The practical formulation implication of columbamine is that berberine extracts specified from whole Berberis or Coptis plant material (rather than isolated berberine HCl) deliver the full protoberberine alkaloid complex including columbamine. This provides the “alkaloid synergy” argument for botanical extract over pure berberine isolate.
Frequently Asked Questions — Columbamine
What is the structural difference between columbamine and berberine?
Berberine has a methylenedioxy group at positions 9 and 10 (the D-ring). Columbamine has two separate methoxy groups at positions 9 and 10 (i.e., the oxygen bridge forming the methylenedioxy ring is absent, replaced by two independent methoxy groups). This small structural difference alters electron distribution, receptor binding affinity, and metabolic handling. Columbamine is sometimes called “2-demethylcolumbamine” in older nomenclature but is more accurately described as “9,10-dimethoxyberberine without the C2-C3 methylenedioxy bridge.”
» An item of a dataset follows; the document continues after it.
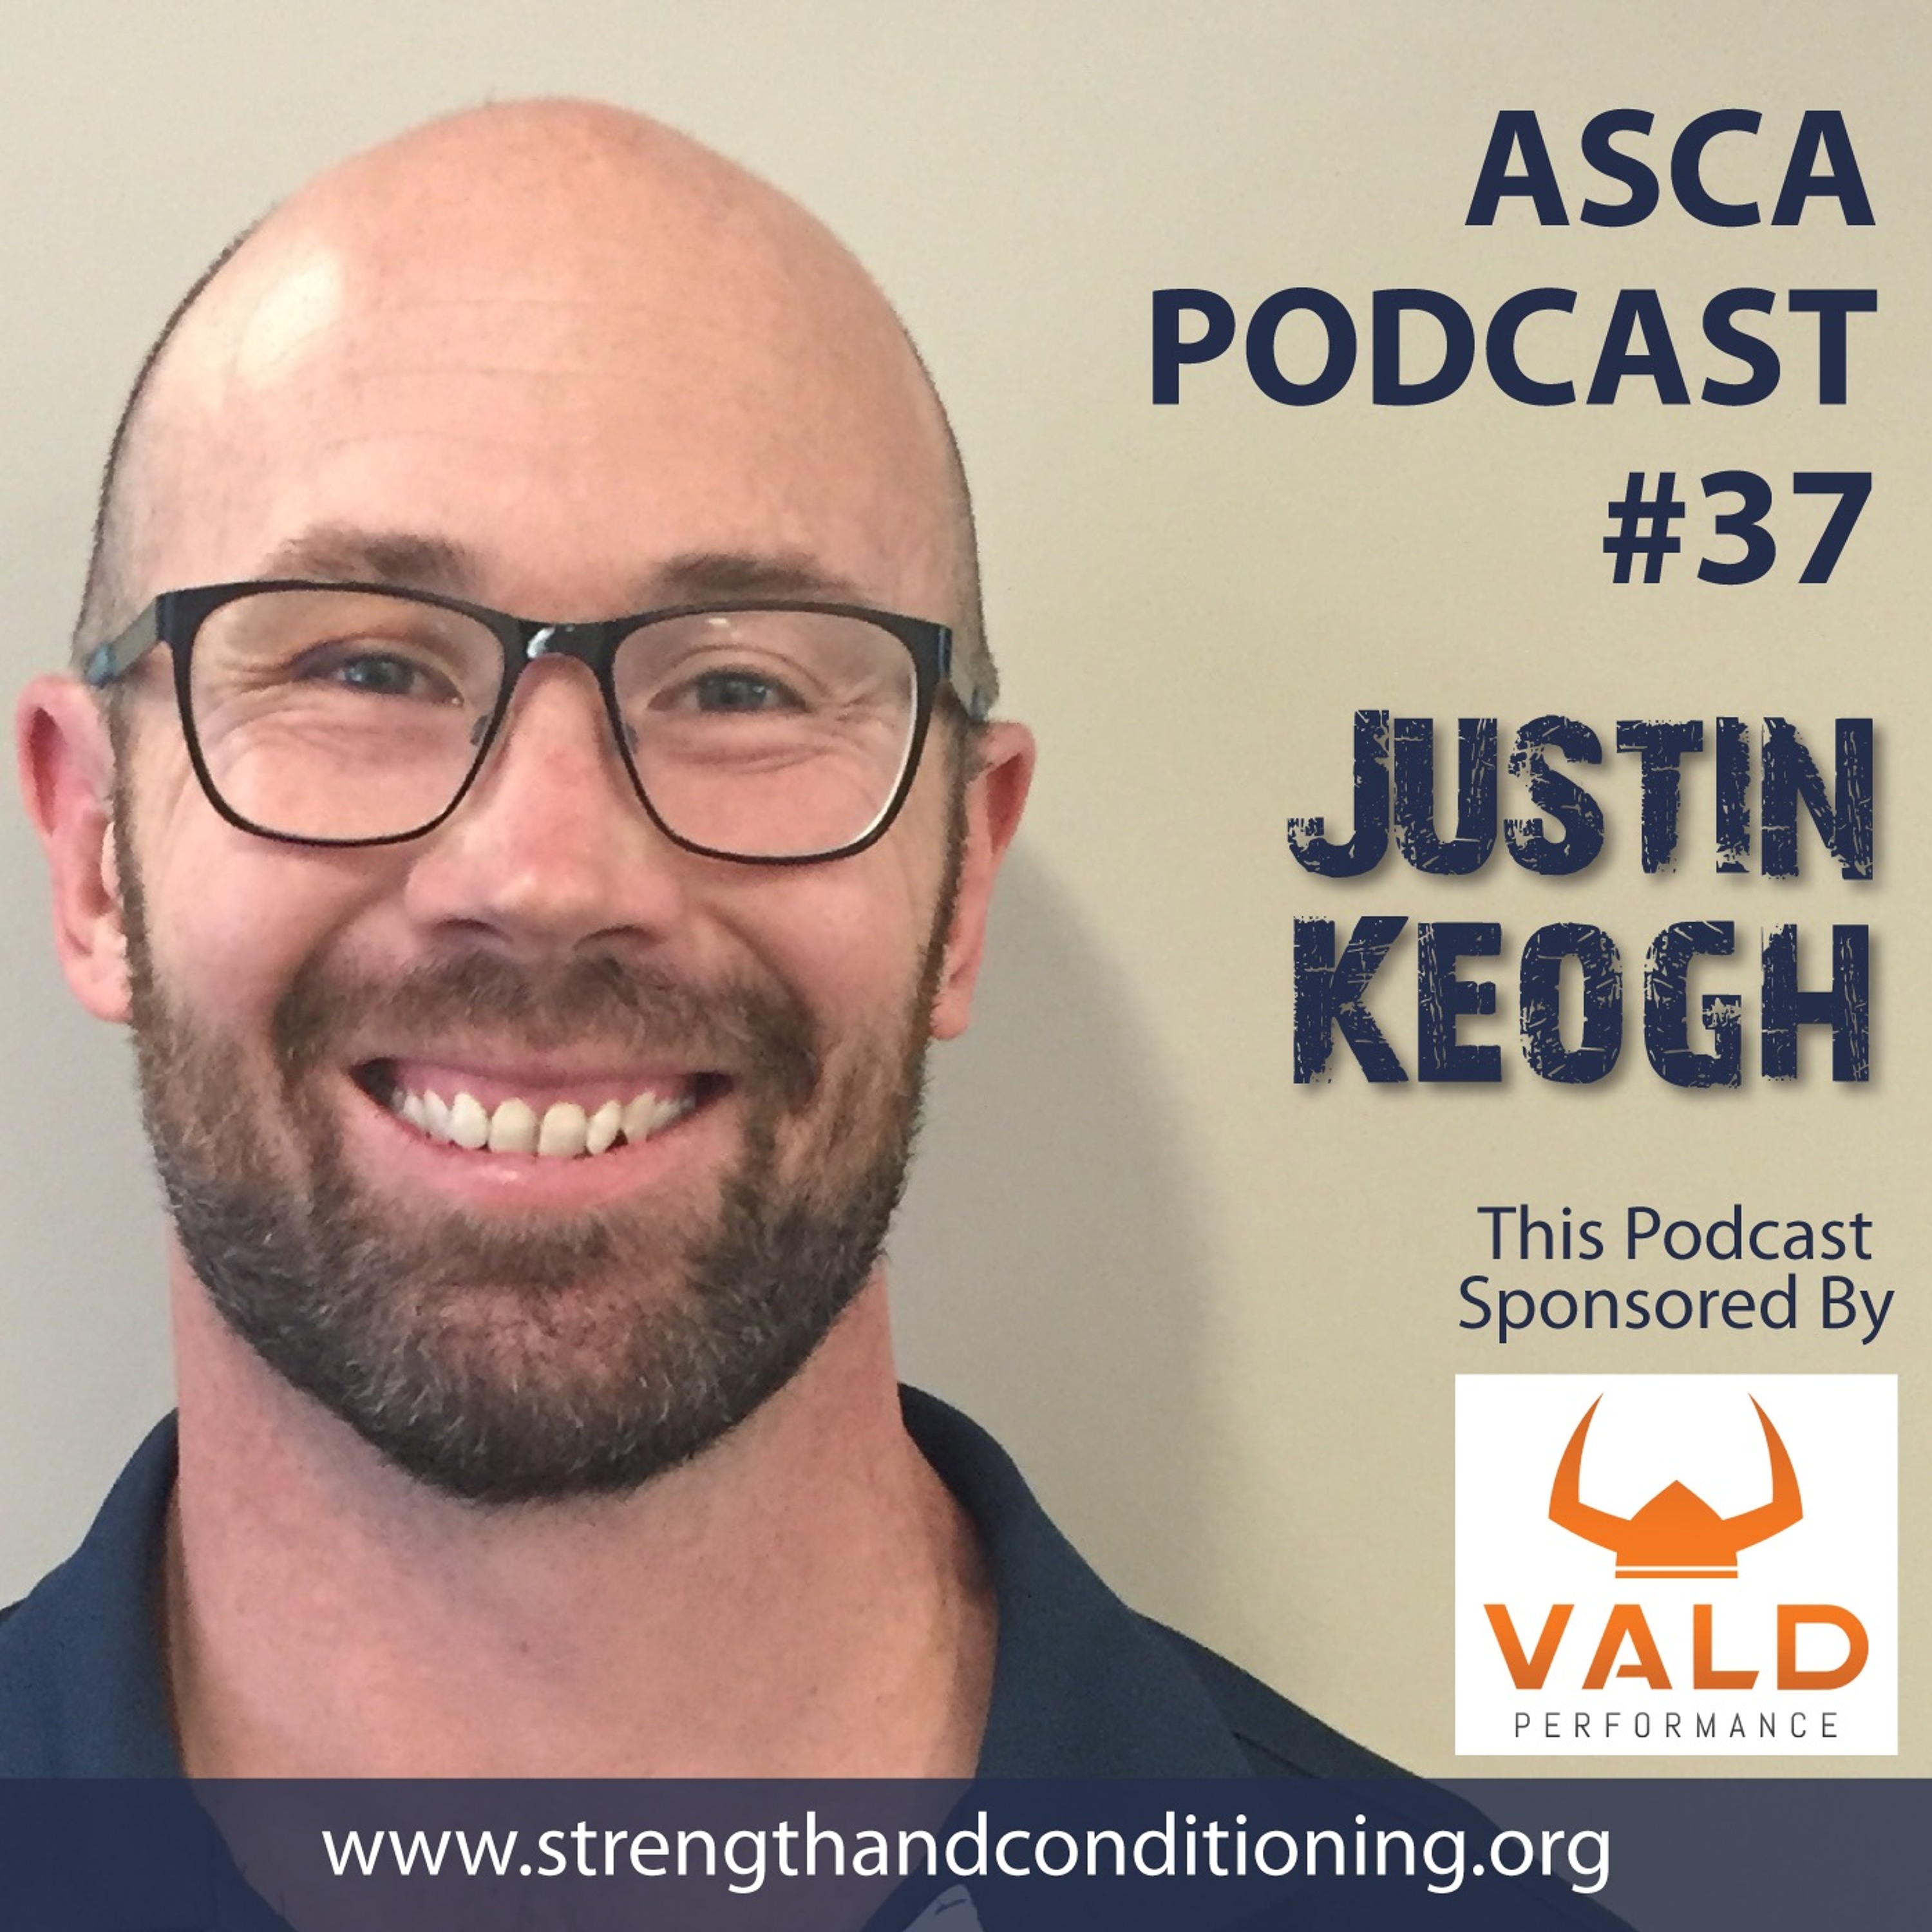 ASCA Podcast #37 - Dr. Justin Keogh
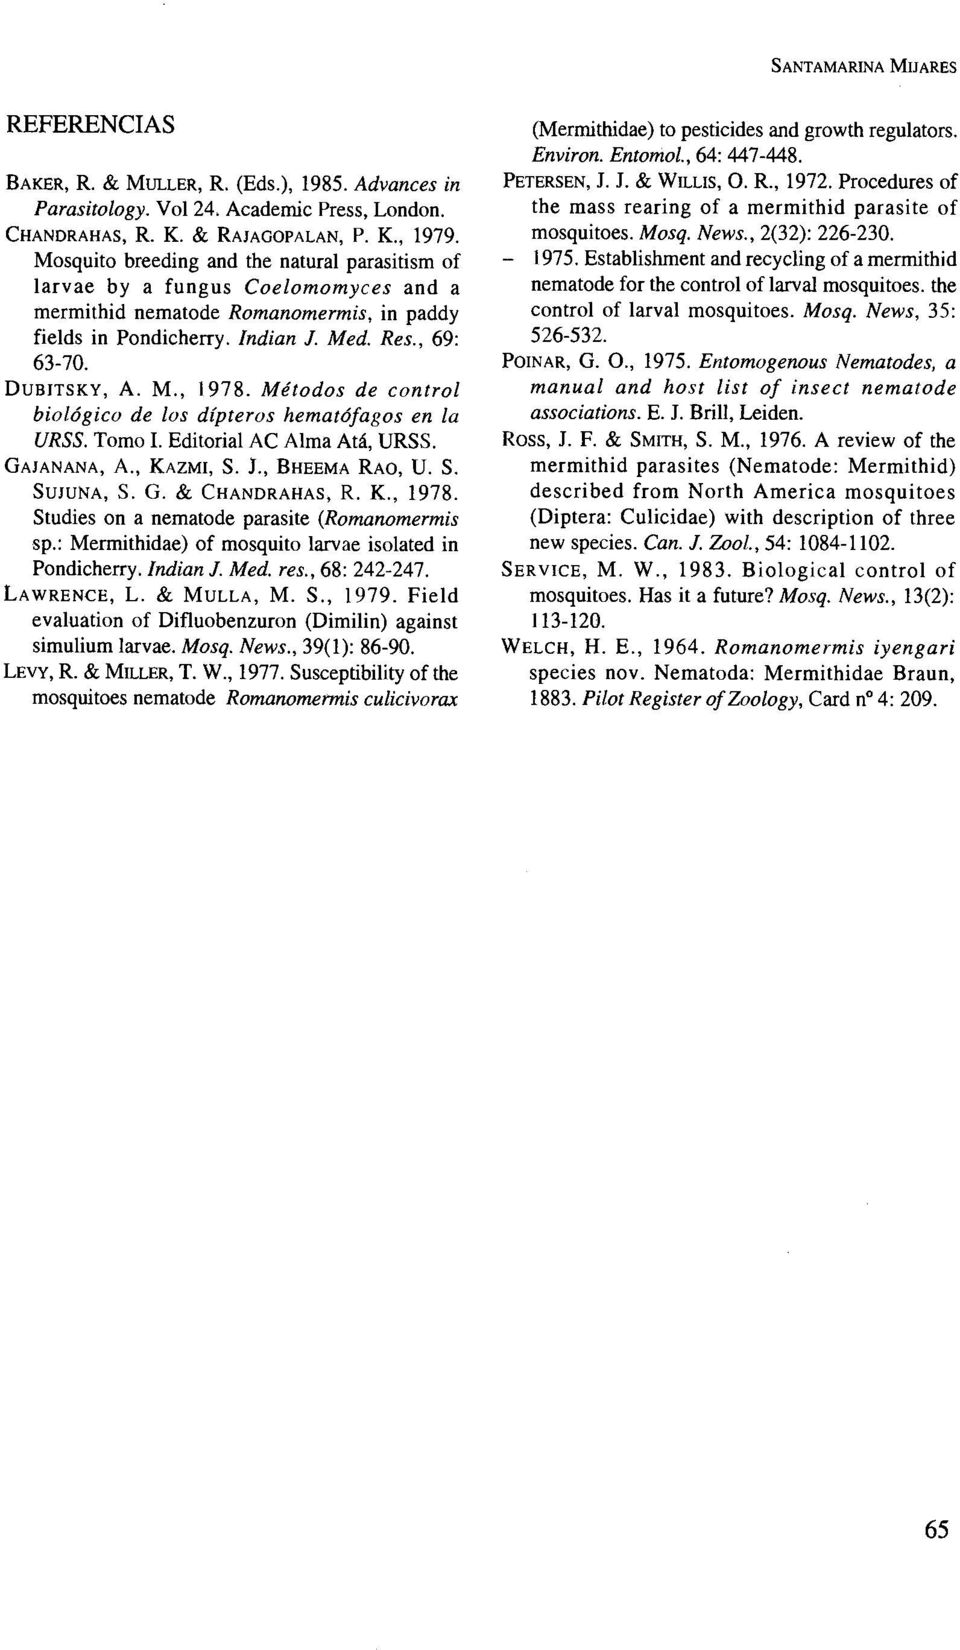 Métodos de control biológico de los dípteros hematófagos en la URSS. Tomo 1. Editorial AC Alma Atá, URSS. GAJANANA, A., KAZMI, S. J., BHEEMA RAO, U. S. SUJUNA, S. G. & CHANDRAHAS, R. K., 1978.

Is columbamine relevant to the blood glucose-lowering effect of Berberis extract?
Columbamine has some AMPK-activating activity in cell models, paralleling berberine, but its contribution to whole Berberis extract glycaemic effects is minor given its low proportion of total alkaloids. The blood glucose evidence for berberine-standardised extracts is attributable primarily to berberine, with columbamine as a minor co-active providing additive rather than primary contribution.
Could columbamine’s MAO inhibition cause problems in supplement formulations?
Columbamine’s MAO-A inhibition is mild and present at concentrations far below therapeutic MAO-inhibitor doses. At typical supplement exposure from Berberis extract (where columbamine is <5% of total alkaloids), clinically significant MAO inhibition is not expected. Standard advisory language for individuals on antidepressants is appropriate as a precaution given the MAO interaction potential of the alkaloid class collectively.
Should I specify “total alkaloids” or “berberine content” when sourcing Berberis extract?
For precise berberine dosing, specify berberine content by HPLC. For the full protoberberine alkaloid complex including columbamine, palmatine, and other minor alkaloids, specify “total alkaloids” or “total protoberberines” by HPLC with individual alkaloid profile reported on CoA. Premium formulations documenting full alkaloid complexity should request both total and individual alkaloid quantification.
Claim-strength scale – High = multiple human RCTs; Moderate = limited trials or strong preclinical convergence; Emerging = early-stage lab or animal data.